Avoiding Criminal Charges by Not Coming to Court

Published for NC Criminal Law on April 16, 2014.

Not showing up for court is, generally speaking, bad trial strategy.  In criminal court, such behavior can result in such unpleasantness as entry of an order for arrest and the revocation of one’s driver’s license.  In civil court, a defendant’s failure to respond can result in a default judgment for the entire sum claimed by the plaintiff. Yet in criminal cases involving charges of violating a domestic violence protective order, some defendants are benefiting from their failure to appear in the civil action leading to entry of the protective order. The defendants argue that because they never appeared for the hearing in the earlier action, they did not know a domestic violence protective order was entered, and thus, could not have knowingly violated its provisions pursuant to G.S. 50B-4.1(a).

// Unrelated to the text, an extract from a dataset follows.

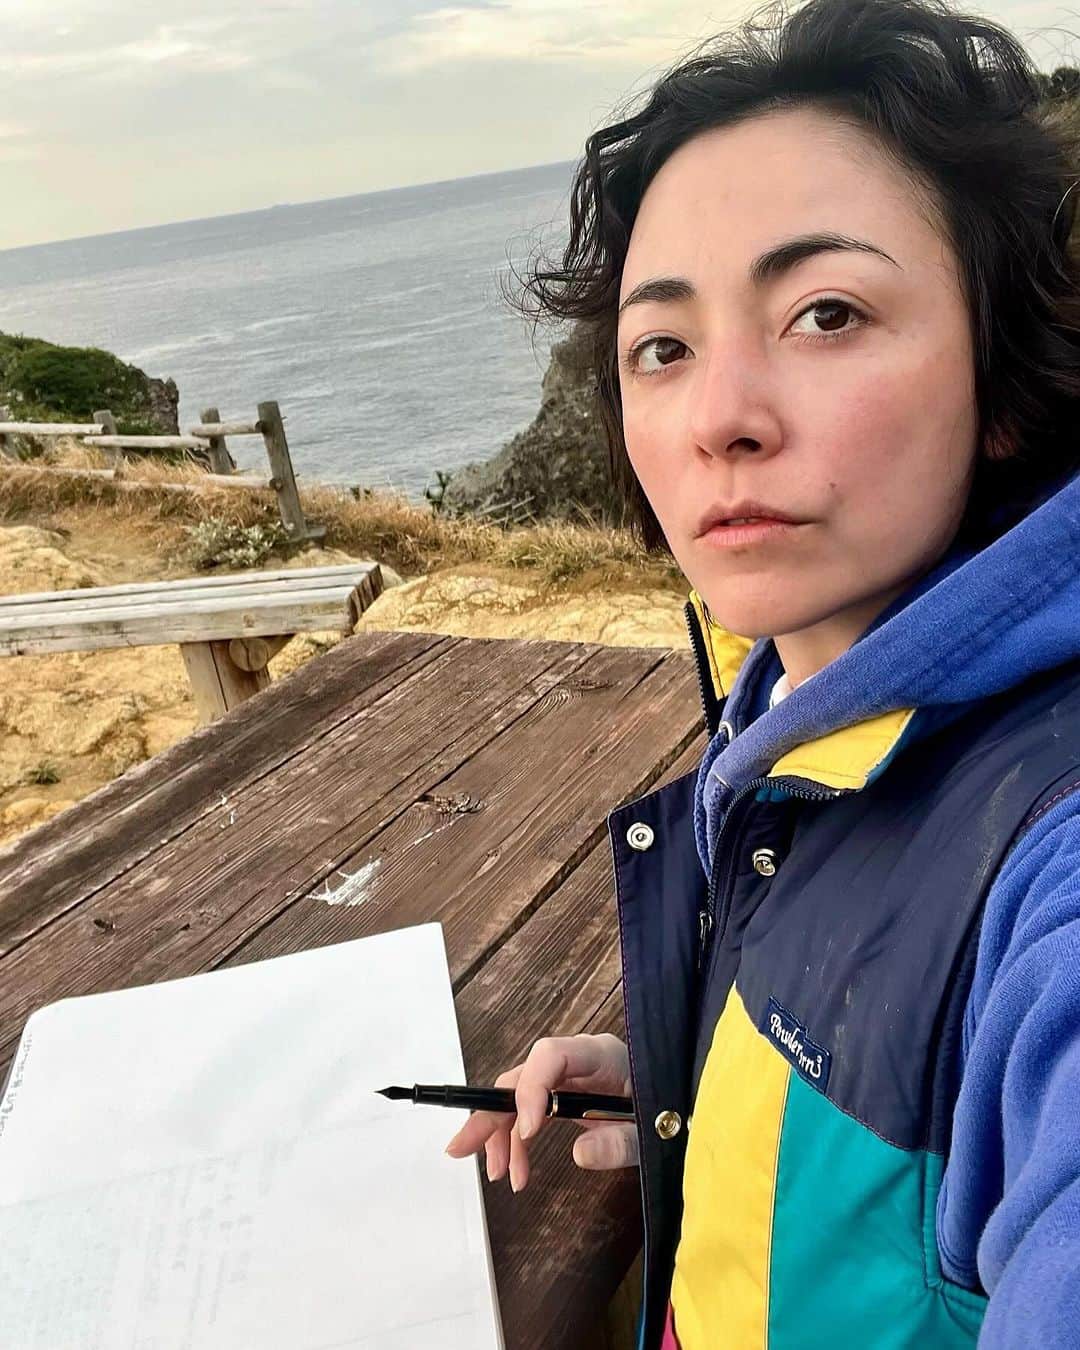 美波さんのインスタグラム写真 - (美波Instagram)「Last time, I had a wonderful experience during my morning routine... I got up early, packed a picnic box and headed out for a hike. I had the pleasure of having breakfast at the top of the hill (it wasn't too high). Then I had the pleasure of starting to write my journal... It was an amazing experience to re-center myself at the top of the mountain. Then I jumped into the ocean and had a swim... it was frozen but it felt like all the molecules had woken up. what a beautiful start to the day 😍 The more we observe nature, the more we can refocus. The more you melt into nature, the more every little bullshit in life starts to turn into nothing at all. I think I really need to feel more nature on those days.  この前、朝の日課で素敵な体験をした。 早起きして、ピクニック用のご飯を作り、ハイキングに出かけた。丘の頂上で朝食をとり（それほど高くはない）、それから日記を書き始めた。山の頂上で自分を見つめ直すことって今まで中々なかったから本当にいい経験だった。 それから海に飛び込んで泳いで...凍ったけど、すべての分子が目覚めたような感じがした。美しい一日の始まりだった。 自然を観察すればするほど、自分の軸とコネクトできる。 自然の中に溶け込めば溶け込むほど、人生における些細な戯言が何でもなくなる。 もっと自然を感じたいと思う今日この頃です。」12月13日 9時11分 - minamimanim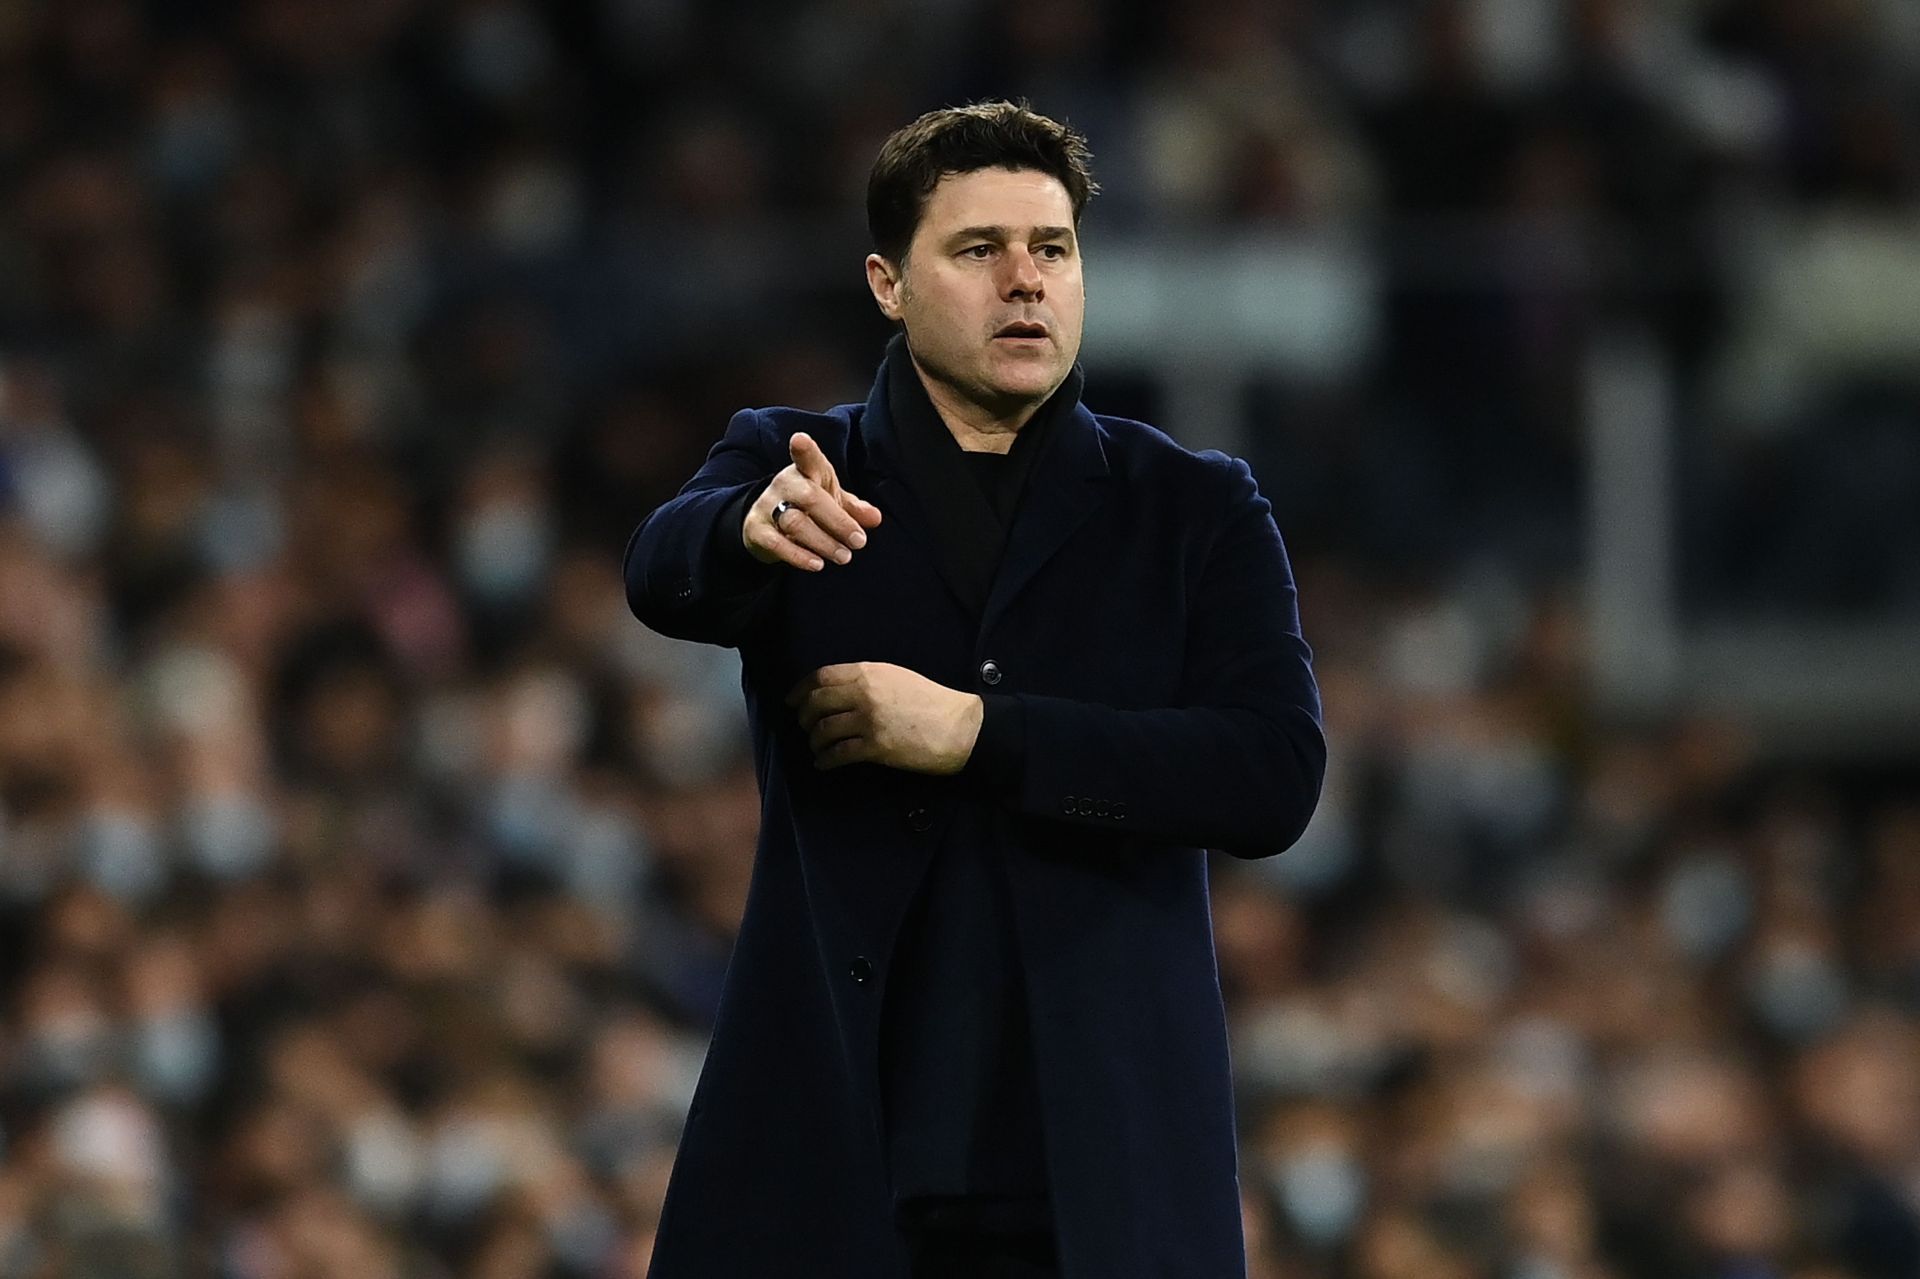 Pochettino lasted only 18 months at Parc de Prince

They contend that they are entitled to dismissal of the charges on this basis, and some trial courts have agreed. Though our appellate courts haven’t considered this issue, I’m highly skeptical that such arguments have merit when the alleged violations occur after the defendant was served with the 50B complaint and any ex parte order, regardless of whether the defendant actually received a copy of the final protective order. How DVPOs Come About. A person entitled to relief under Chapter 50B may file a civil action in district court alleging acts of domestic violence and seeking entry of protective order. When such an action is filed, a summons must be issued and served upon the defendant pursuant to Rule 4 of the [...]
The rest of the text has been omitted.